At the base of the Pharos the name of the reigning monarch was
engraved, on a composition, which the artist well knew would last
no longer than the king's life. Under this, and cut deep in the
marble itself, was his own name and dedication: "Sostratos of
Gyndos, son of Dexiteles to the Gods, protectors of sailors!"
So will it be with the Georgium Sidus the
Ferdinandia, &c. &c. Flattery's plaister of Paris
will crumble away, and under it we shall read the names of
Herschel, Piozzi, and their compeers.
I have noticed two main evils in philosophizing. The first is,
the absurdity of demanding proof for the very facts which
constitute the nature of him who demands it, a proof for
those primary and unceasing revelations of self-consciousness,
which every possible proof must pre-suppose; reasoning, for
instance, pro and con, concerning the existence of
the power of reasoning. Other truths may be ascertained; but
these are certainty itself (all at least which we mean by the
word), and are the measure of every thing else which we deem
certain. The second evil is, that of mistaking for such facts
mere general prejudices, and those opinions that, having been
habitually taken for granted, are dignified with the name of
common sense. Of these, the first is the more injurious to the
reputation, the latter more detrimental to the progress of
philosophy. In the affairs of common life we very properly appeal
to common sense; but it is absurd to reject the results of the
microscope from the negative testimony of the naked eye. Knives
are sufficient for the table and the market; but for the
purposes of science we must dissect with the lancet.

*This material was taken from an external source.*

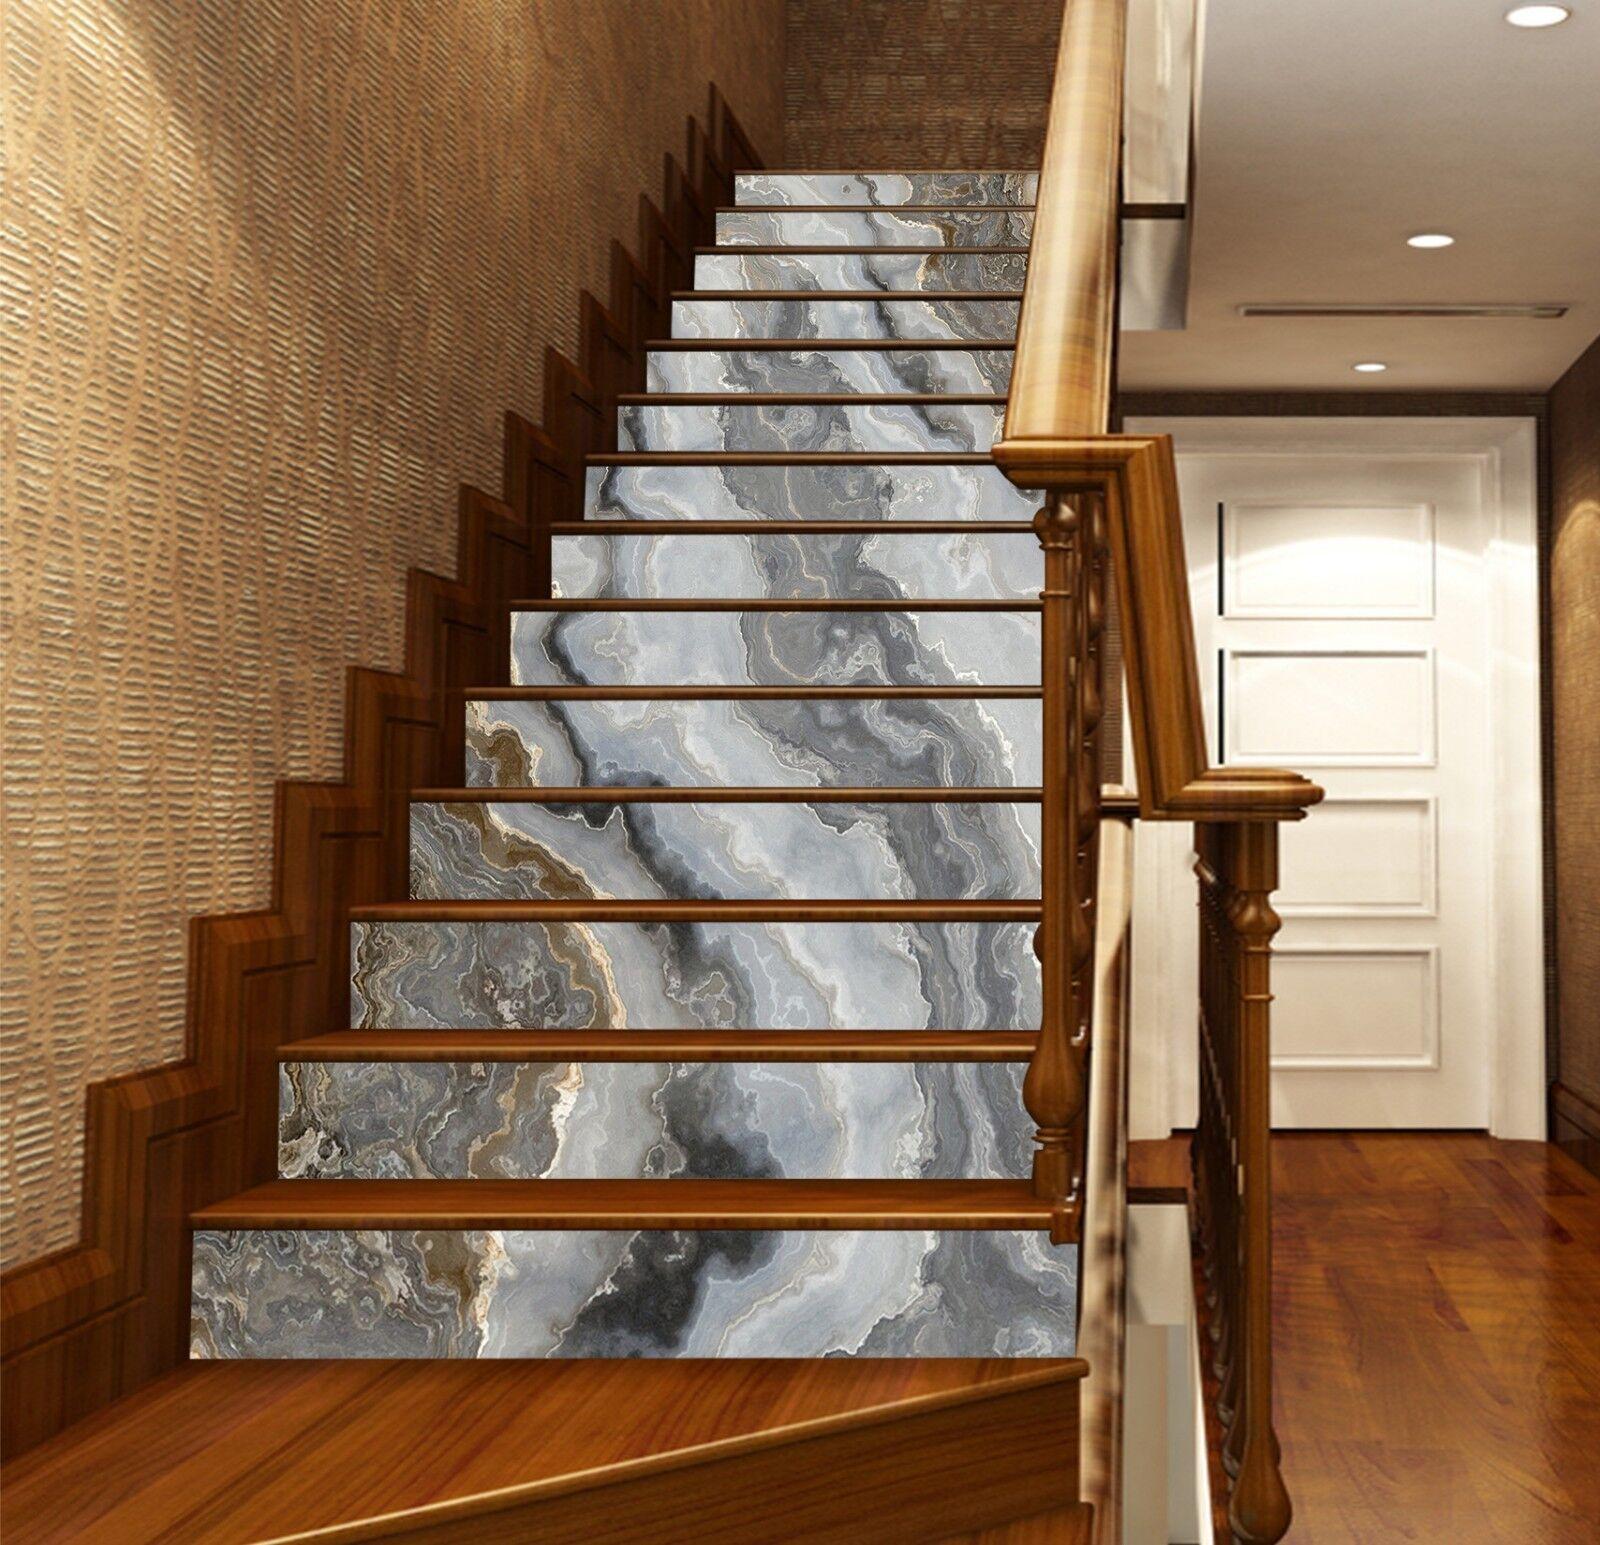 3D Wave Pattern 71 Tile Marble Stair Risers Photo Mural Vinyl Decal WandPapier

As an instance of the latter evil, take that truly powerful and
active intellect, Sir Thomas Brown, who, though he had written a
large volume in detection of vulgar errors, yet peremptorily
pronounces the motion of the earth round the sun, and
consequently the whole of the Copernican system unworthy of any
serious confutation, as being manifestly repugnant to common
sense; which said common sense, like a miller's scales, used to
weigh gold or gasses, may, and often does, become very gross,
though unfortunately not very uncommon, nonsense. And as for the
former, which may be called Logica Praepostera, I have
read in metaphysical essays of no small fame, arguments drawn
ab extra in proof and disproof of personal identity,
which, ingenious as they may be, were clearly anticipated by the
little old woman's appeal to her little dog, for the solution of
the very same doubts, occasioned by her petticoats having been
cut round about:
If it is not me, he'll bark and he'll rail, But if I be I, he'll wag his little tail.